The Covert Captain, page 4
Fleming turned up a camp seat with most of its legs and canvas, after a moment’s searching, but Harriet did not take it, instead wandering the stable while he ate. His tack was hanging, clean, a bit apart from the rest; she touched over it thoughtfully and remarked, “You might have bought colonel twice over.”
“Men with no land and no club are not colonels,” laughed Fleming. “And yes. It is the terrible vice of my fathers. From birth I breathed the contagion. Malabar I bought with His Majesty’s gratuity after Orthez—and a little more besides. Well,” he excused himself. “She promised very fine, and I needed a horse.”
“She is beautiful, and I should not like to meet her in war,” said Harriet. “Is it because she proved so well that Sherry bought her colt?”
“Beg pardon?”
“You said—you called his white war-horse her son.”
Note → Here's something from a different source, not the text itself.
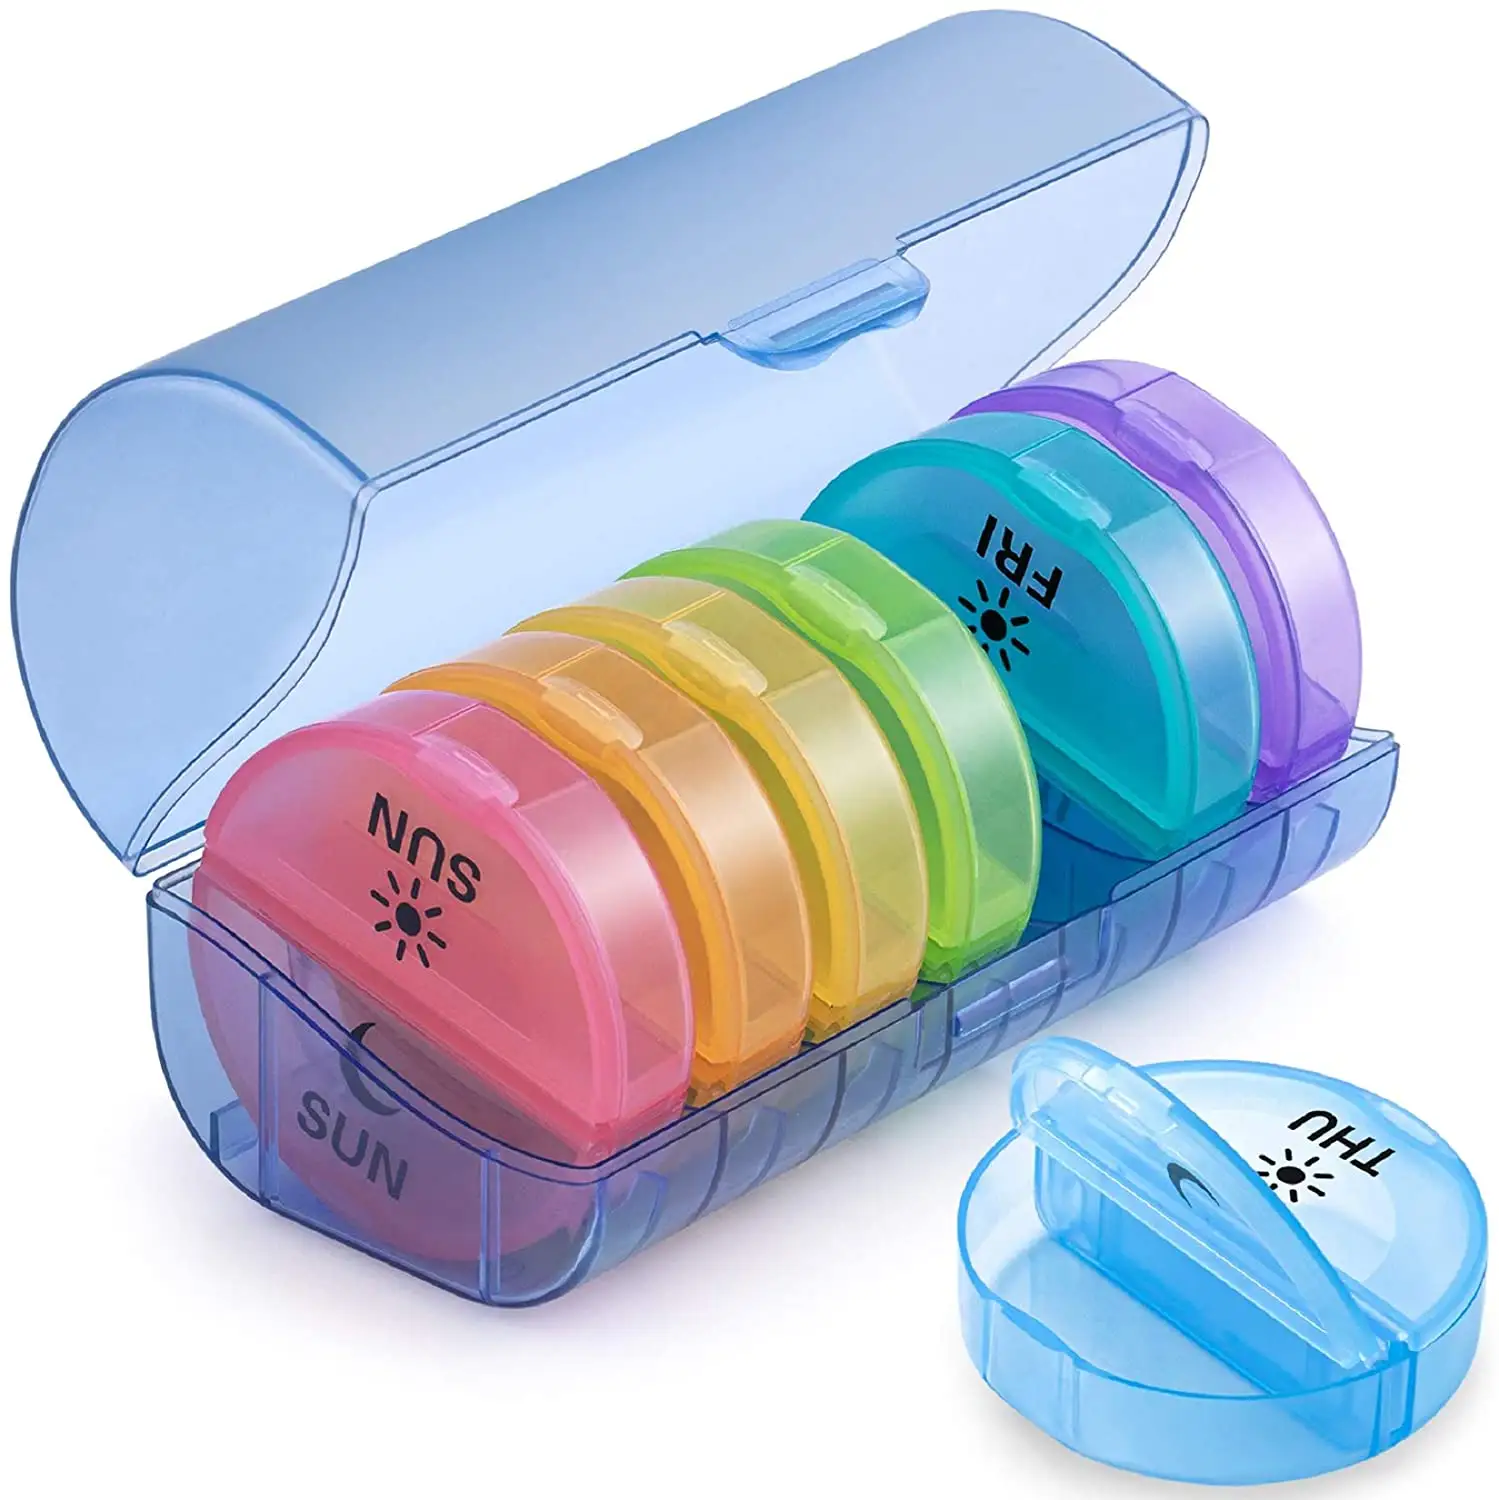 Yuvarlak renkli günlük haftalık hap konteyner kutusu tıp için

“So he is.” Fleming nodded. “Poor Malabar, to have her heart stolen so by a nameless Frenchman! But Sherry did not buy him—rather I would not have bought him for Sherry, and I have been his man for horse-flesh these many years. Mesrour is strung too high. But Sherry will ever choose an idiot white horse over a dun cob who stays stuck in.”
“You made my brother a gift of that horse,” said Harriet. “You might have made two hundred guineas in Tattersall’s.”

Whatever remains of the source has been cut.